On Earth, as on the International Space Station, the collective misperception of a flat plane helps build community and culture. We are all equal in our geometric relationship to one another. The reality, of course, is that we do not stand parallel. Each of our bodies corresponds with a distinct radial vector on the surface of a sphere, pointing away from a common center that we can never perceive or occupy. Our vectors diverge by imperceptible angles.
In “inside-out” worlds like the Bernal Sphere and the concave Earth, the situation is reversed. Our feet all point outward, into an inaccessible, but technologically habitable void, while our heads point inward, some of us apparently “upside-down.” Standing, we rise toward a visible center, which can be reached simply by climbing a hill, strapping on wings, and jumping into the air, as low-tech as Icarus.
The Shape of Space by Fred Scharmen
• Michael Moorcock again, interviewed this time by Bernard Braden in 1968. I think this one was for a Braden TV series which was never broadcast.
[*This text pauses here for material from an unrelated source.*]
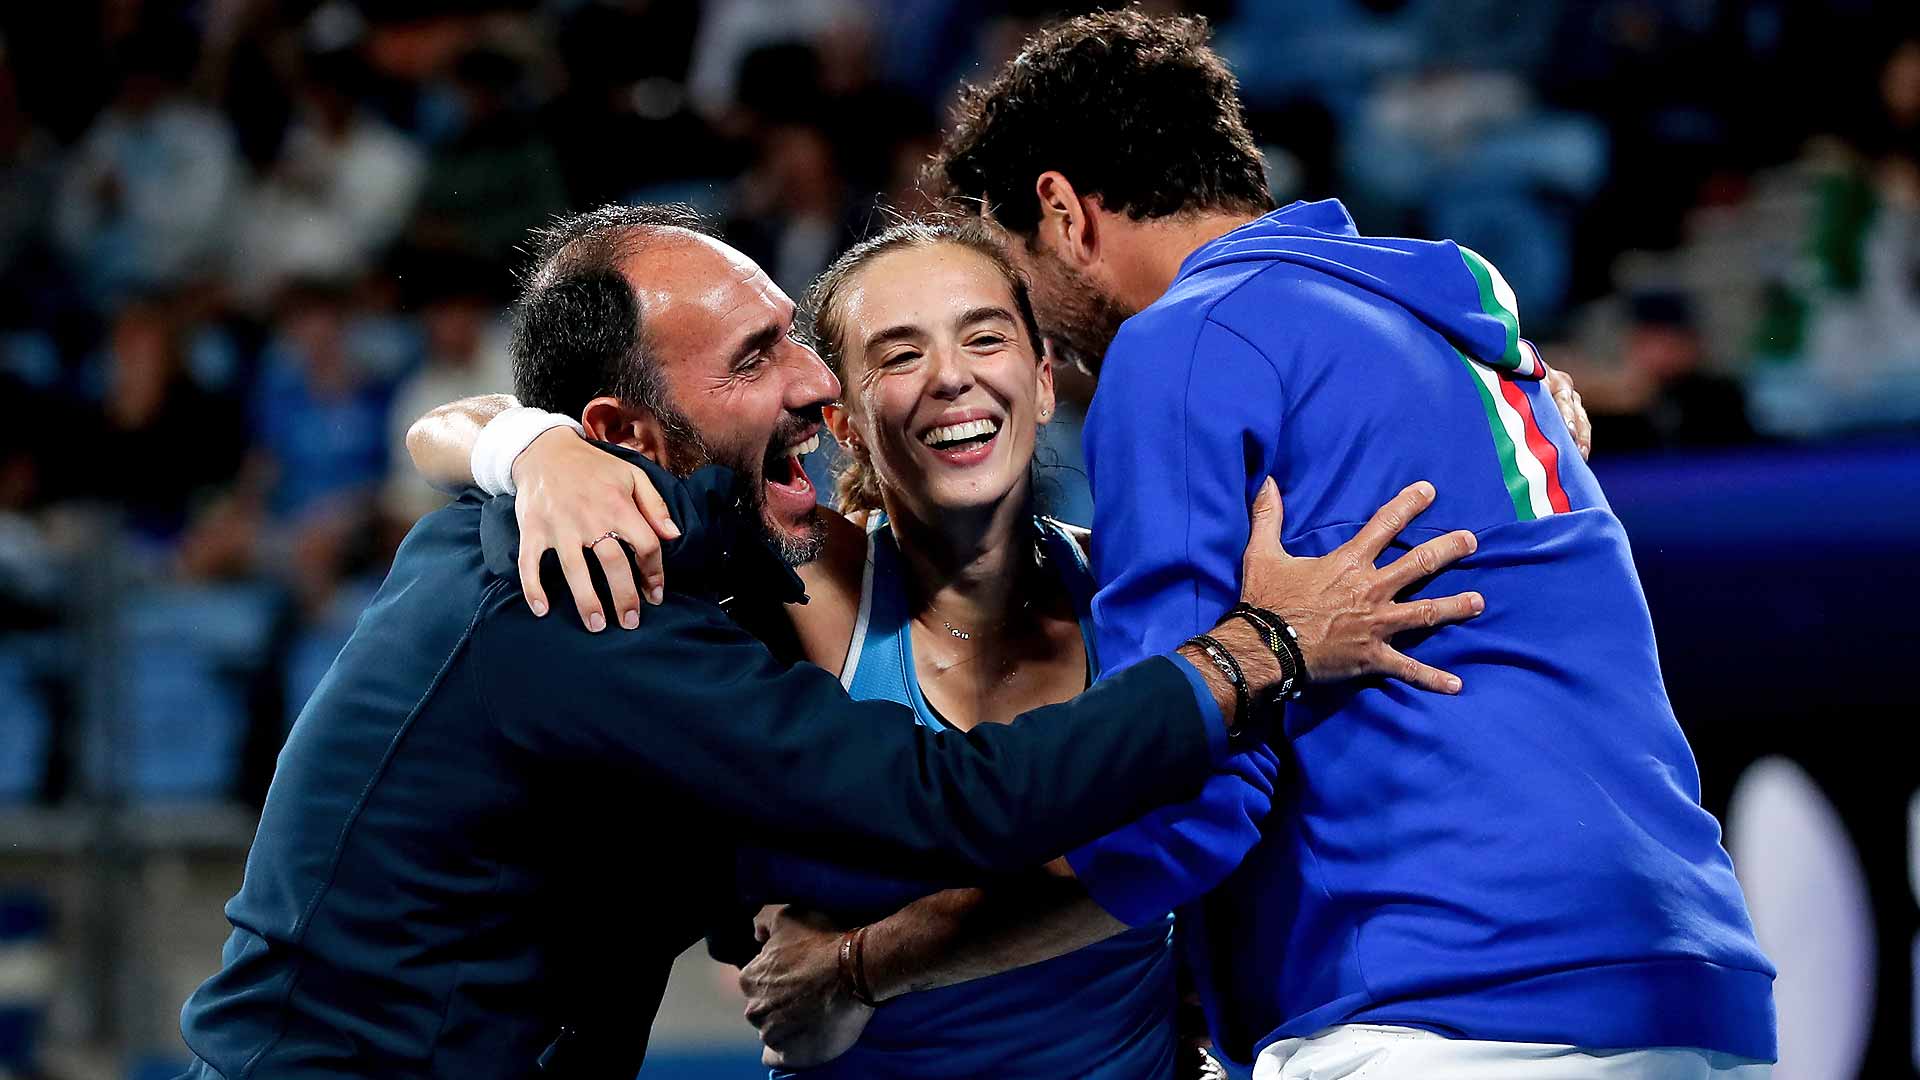 Captain Vincenzo Santopadre, Lucia Bronzetti and Matteo Berrettini celebrate Team Italy's victory over Team Greece in the United Cup Final Four.

• “Stupid things are best”: Neil Fox on Conny Plank: The Potential of Noise, a documentary about the great music producer.
• Mixes of the week: XLR8R Podcast 556 by Helios, and An Ode to Eris with An Other Ode to Eris by The Ephemeral Man.
• A monstrous primer on the works of HP Lovecraft by Emma Stefansky. With illustrations by Michael Bukowski.
• Silent Agents by Julius-Christian Schreiner: photographs of hostile architecture from around the world.
• Back to the Futuro: Mark Hodgkinson on the spaceship house that landed in Yorkshire.
• The Great Chinese Art Heist by Alex W. Palmer.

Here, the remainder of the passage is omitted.